### Problem
Write out the stretch of lines below that begins at the line with "The facade as seen from Kala Ghoda area" and ends at the line with "Enjoy the iconic skyline of Singapore", including both, exactly as given and nothing more.

(Records from a data collection)
Start of Block
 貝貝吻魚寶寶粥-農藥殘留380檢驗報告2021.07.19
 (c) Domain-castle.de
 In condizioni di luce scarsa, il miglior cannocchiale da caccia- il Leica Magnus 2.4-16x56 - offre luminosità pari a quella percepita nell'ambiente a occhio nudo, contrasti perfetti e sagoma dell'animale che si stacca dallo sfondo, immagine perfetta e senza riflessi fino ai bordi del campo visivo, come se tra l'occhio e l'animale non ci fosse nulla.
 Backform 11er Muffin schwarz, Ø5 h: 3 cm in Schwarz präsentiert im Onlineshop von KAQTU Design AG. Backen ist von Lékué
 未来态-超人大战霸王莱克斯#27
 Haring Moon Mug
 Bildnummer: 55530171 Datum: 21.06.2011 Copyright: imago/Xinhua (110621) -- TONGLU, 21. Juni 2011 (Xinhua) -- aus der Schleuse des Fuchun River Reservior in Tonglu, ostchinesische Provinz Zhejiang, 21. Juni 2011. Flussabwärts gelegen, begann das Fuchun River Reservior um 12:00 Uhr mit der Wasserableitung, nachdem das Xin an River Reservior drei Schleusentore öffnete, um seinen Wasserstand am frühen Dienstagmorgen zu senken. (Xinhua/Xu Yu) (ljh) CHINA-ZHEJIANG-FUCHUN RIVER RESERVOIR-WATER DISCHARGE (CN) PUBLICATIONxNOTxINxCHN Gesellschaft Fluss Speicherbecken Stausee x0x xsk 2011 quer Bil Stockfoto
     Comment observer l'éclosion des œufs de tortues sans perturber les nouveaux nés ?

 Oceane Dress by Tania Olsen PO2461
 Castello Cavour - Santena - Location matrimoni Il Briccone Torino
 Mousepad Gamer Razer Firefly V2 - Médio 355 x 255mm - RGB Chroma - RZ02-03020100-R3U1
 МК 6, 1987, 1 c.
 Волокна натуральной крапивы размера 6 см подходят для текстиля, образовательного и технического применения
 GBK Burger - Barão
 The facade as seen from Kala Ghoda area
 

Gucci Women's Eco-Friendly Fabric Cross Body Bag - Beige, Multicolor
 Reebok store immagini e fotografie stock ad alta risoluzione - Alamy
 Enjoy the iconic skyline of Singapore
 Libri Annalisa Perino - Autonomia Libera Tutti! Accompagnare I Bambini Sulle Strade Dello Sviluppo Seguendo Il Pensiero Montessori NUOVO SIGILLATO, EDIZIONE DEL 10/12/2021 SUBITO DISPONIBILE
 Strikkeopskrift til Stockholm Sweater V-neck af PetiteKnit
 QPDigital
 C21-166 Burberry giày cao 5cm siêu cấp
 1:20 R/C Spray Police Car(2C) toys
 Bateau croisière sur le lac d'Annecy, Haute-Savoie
End of Block
### Response to this task
 The facade as seen from Kala Ghoda area
 

Gucci Women's Eco-Friendly Fabric Cross Body Bag - Beige, Multicolor
 Reebok store immagini e fotografie stock ad alta risoluzione - Alamy
 Enjoy the iconic skyline of Singapore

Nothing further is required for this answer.